Students might also benefit from focused instruction on how to use the filing features of Windows in order to systematically store knowledge and reduce their cognitive load by temporarily distributing items from their working memory. Specifically, options for file management and file-naming conventions should be taught to technical communication and engineering students. As environmental engineers continue to write proposals and complete remediation projects, they need to be able to keep all of those projects in an easily accessible archive that provides digitally stored knowledge as they progress through their careers.

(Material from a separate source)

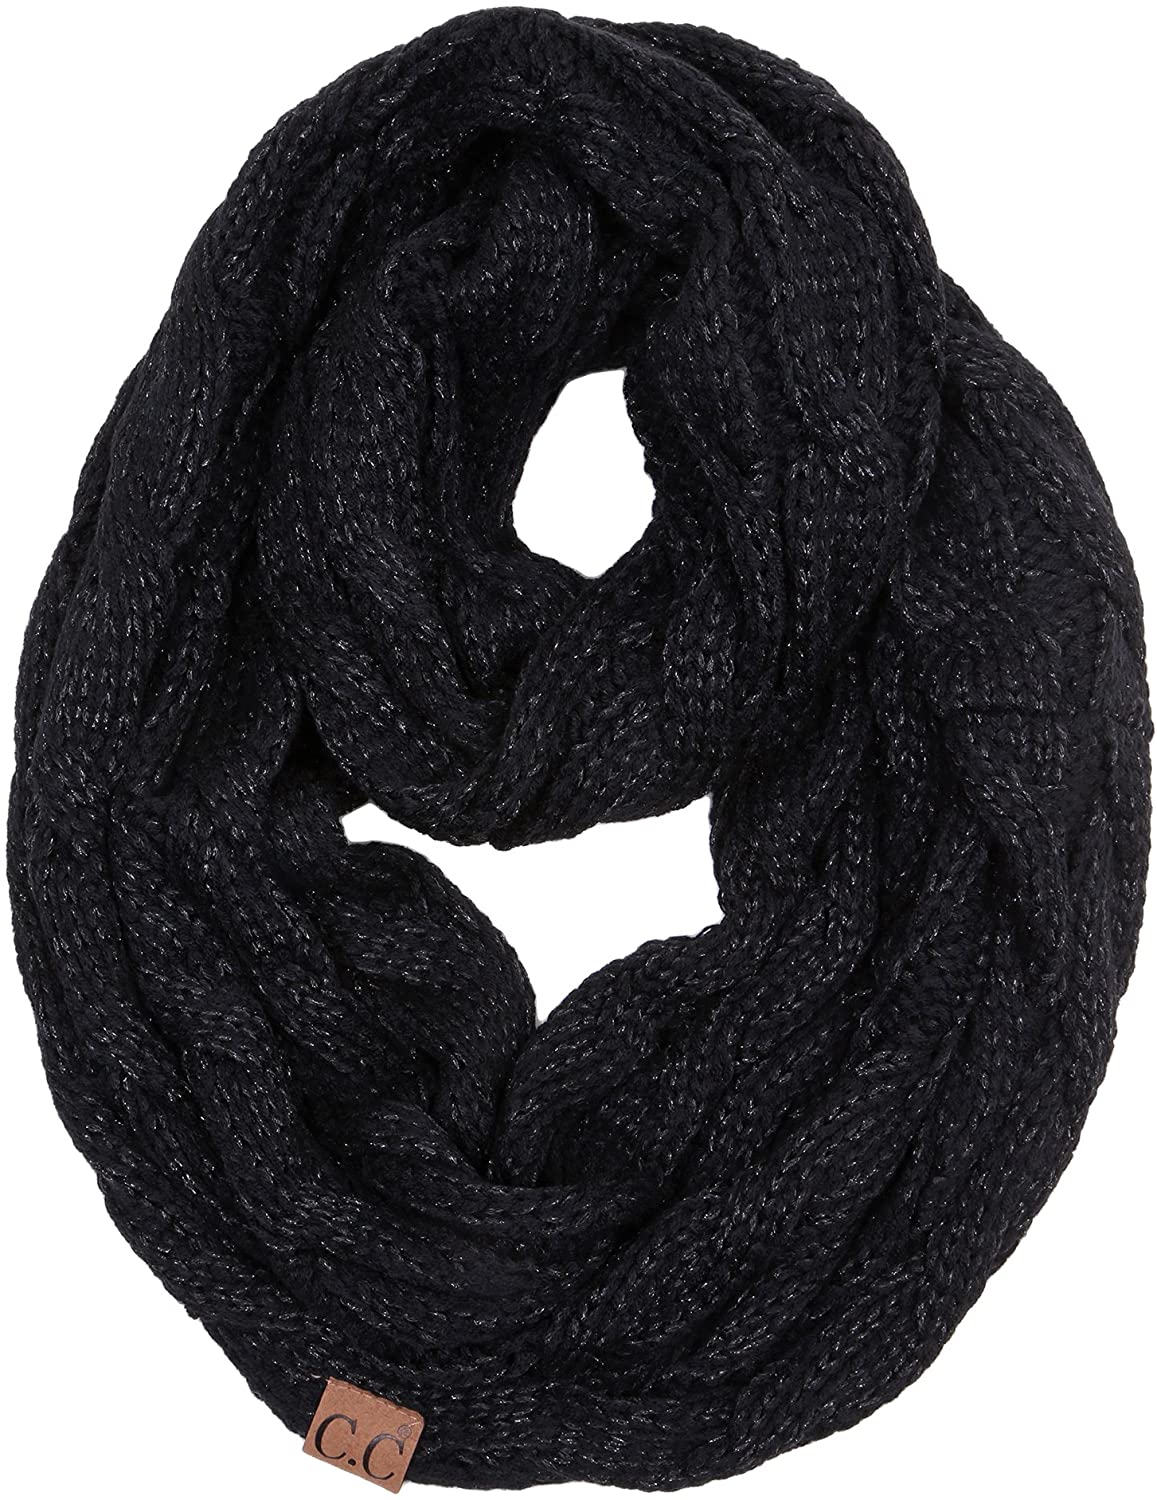 Funky Junque’s Beanies Matching Ribbed Winter Warm Cable Knit Infinity Scarf
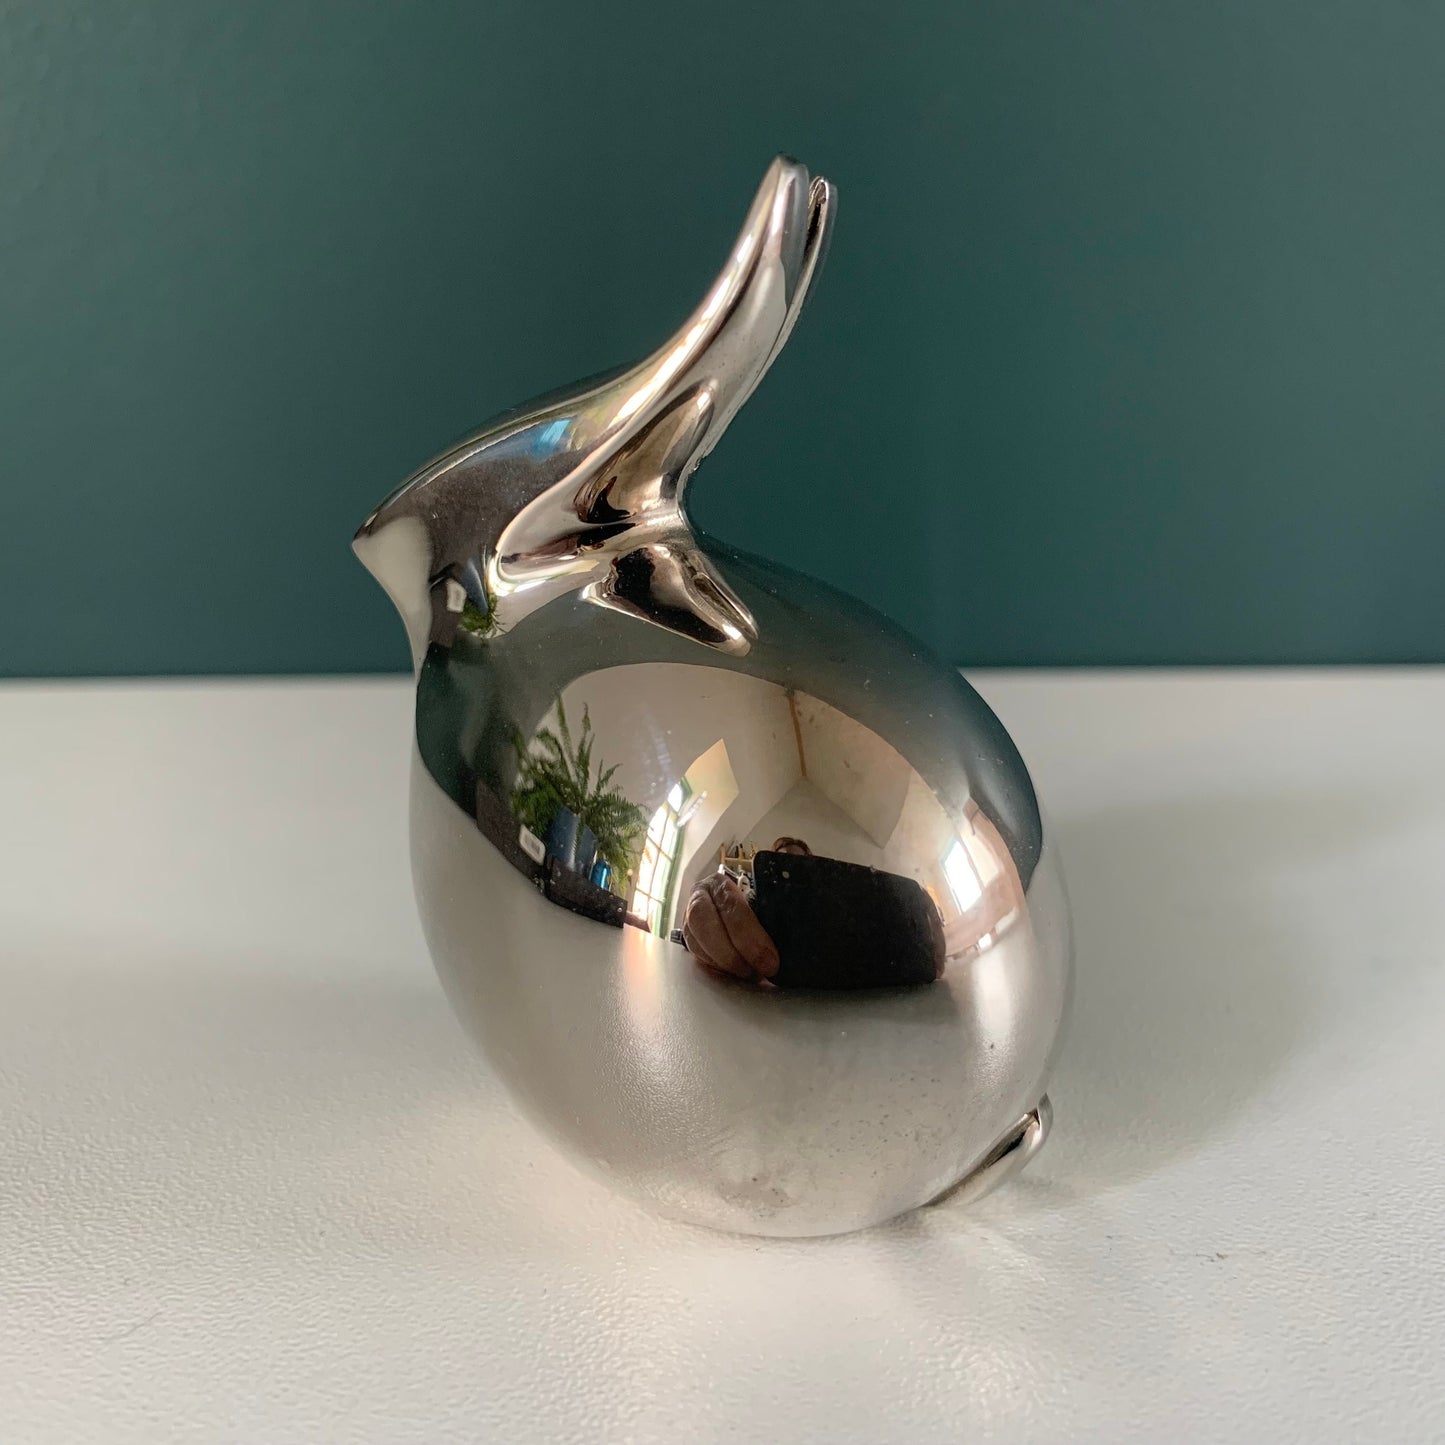 Dansk Silver Bunny Rabbit Paperweight Boxed Danish Designs Gifts Office Work Job Presents Retro

Beyond these pedagogical implications, this case study calls for future research. Our study provides additional qualitative evidence of memory at work, as described by Leijten et al. (2014). It further supports Van Ittersum’s (2009) and Leijten et al.’s findings that writers use multiple physical and digital sources when composing and builds on the foundation that Winsor (1990, 1992, 1998, 1999, 2001) laid in multiple studies. In the future, qualitative writing researchers might further explore the roles of distributed memory and distributed cognition in engineering writing processes. Additionally, we echo Whittemore’s (2007) call for future research that continues to address the role of the classical rhetorical canons—specifically, memory as a useful and well-worn theoretical framework for analysis. Van Ittersum (2009) has noted the importance of “sustainable memory practices” (p. 262). We extend his notion to include sustainable distributed memory and distributed cognitive practices.
Footnotes
Appendix
Please tell me about the proposal you were writing. Did you find this proposal-writing experience typical? Can you explain? Did you use any resources writing this proposal? Which ones? Why? Do you usually use resources when you write a proposal? If so, which ones? Why? Did you use any Web sites? If so, why? What were you thinking about while you were writing the proposal?
Acknowledgments
We thank Beatrice and her firm for allowing us the opportunity to research proposal-writing practice in environmental engineering. Additionally, we are grateful for the thoughtful and supportive critical feedback from the two anonymous reviewers at the Journal of Business and Technical Communication and David Russell.
Declaration of Conflicting Interests
The authors declared no potential conflicts of interest with respect to the research, authorship, and/or publication of this article.
Funding
The authors received no financial support for the research, authorship, and/or publication of this article.